Battle: Los Angeles - Brian Tyler
Brian Tyler used to be really promising, but seems to have got stuck with a lot of fairly crappy movies (Alien V Predator: Requiem anyone?), or at least movies that don't require much in the way of subtlety or skill. Battlefield: Los Angeles continues the trend. Imagine Tron: Legacy with all the subtlety taken out, even less in the way of memorable melodic material and action music that's largely indistinguishable from his other scores or ones from Remote Control. Still, it's the kind of scoring that makes what used to pass for a muscular score - Goldsmith's Total Recall or Poledouris' Robocop or Starship Troopers - seem positively wimpish in comparison and appear like masterpieces of nuance.

The Eagle - Atli Orvarsson
Atli Orvarsson might still count as promising and, for some reason, composers from Nordic and Scandinavian countries are usually ace (albeit more in the classical realm, Sibelius, Nielsen and Tviett wrote some of the 20th century's finest works. Oh, and Sigur Ros). Having seemingly appeared from nowhere to score Stuart Little 3 (even Alan Silvestri has to say no eventually), he has a decent CV of TV and movie credits to his name. His latest, The Eagle, is about a lost Roman legion... hang on, wasn't that what The Last Legion was about? Despite actually being a Remote Control composer, Atli's score is reasonably restrained, albeit not hugely distinctive. Large doses of highland pipes and fiddles abound which at least provide some decent flavour; it's set in Scotland... hang on, isn't that where The Last Legion was set? Of course, there are a few decent action licks, in a stolid, marching about kind of way although Out Swords! (which sounds just a bit naughty to me) has some surprisingly quasi-atonal violin skittering over the top of otherwise rather plain brass and percussion.
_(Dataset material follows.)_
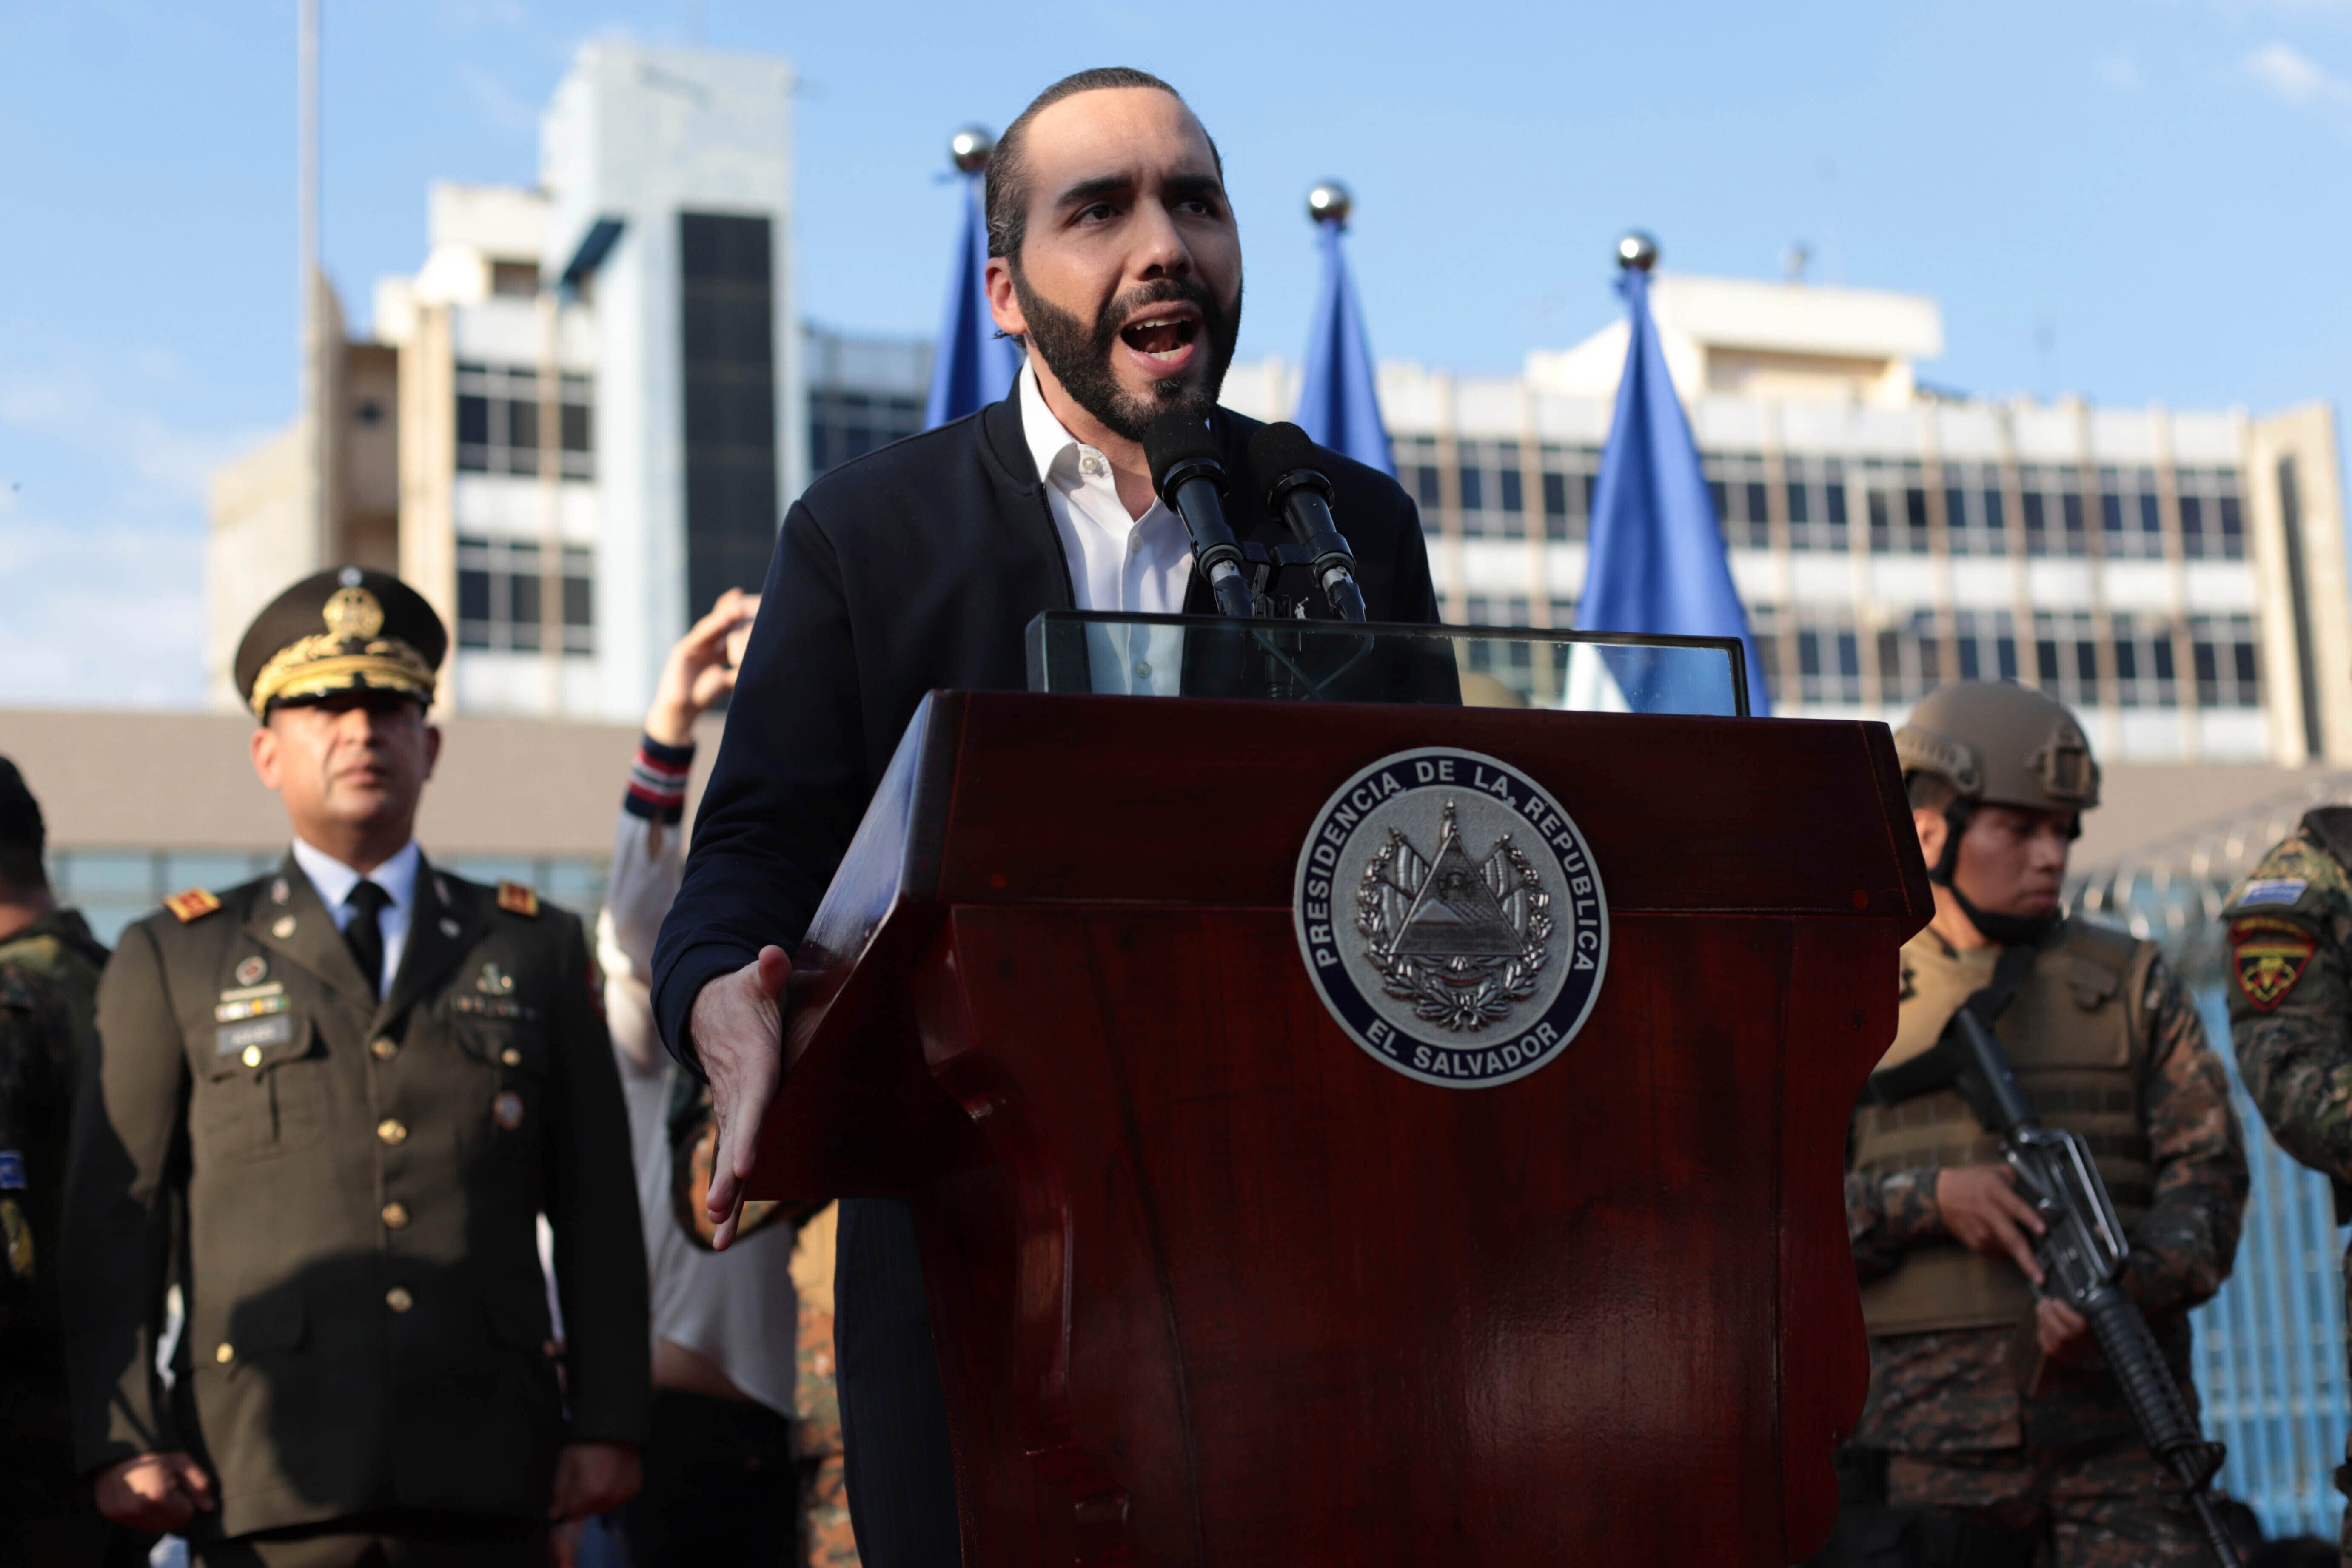 El Salvador's President Nayib Bukele, accompanied by members of the armed forces, speaks to his supporters outside Congress in San Salvador, El Salvador.

Touches like this push it above average, just.

Gnomeo & Juliet - James Newton Howard & Elton John
The 2011 Oscar for "Film that looks least promising from its poster, concept description and trailer" must surely go to Gnomeo & Juliet, from the producing hand of Elton John and husband, David Furnish. Romeo & Juliet with gnomes. But, of course. Just what we always wanted. However, reviews have been pretty favourable and I might just about persuade the boyfriend to see it. Maybe. Surprisingly, most of John's contributions are from his back catalogue rather than new songs, although an ill advised redo of Crocodile Rock with Nelly Furtado is, well, ill advised. James Newton Howard and, erm, accomplice(?) Chris Bacon contribute a few score tracks to the album. It's fairly typical Howard stuff, but not really a patch on his previous animated adventures, although the titular track is fairly engaging.

The Mechanic - Mark Isham
Mark Isham has started releasing scores on his own label, the imaginatively titled Mark Isham Music, starting off with The Mechanic which, I have to confess, is one of his "oh bloody hell, why can't he stick to jazz and not action films" scores. It even comes in three versions. One short, "album" version, a complete version and a special edition which comes with a hand engraved model of his toilet seat (possible lie). Frankly the full version is a bit long but the suite format of the "album" version is interesting enough action/suspense stuff. It does have the benefit of not sounding like Remote Control, which is a start, but it's quite stark and dense stuff so isn't quite enjoyable in any meaningful sense, but is expertly written for what it is, just something of a tough listen to want to put on too regularly.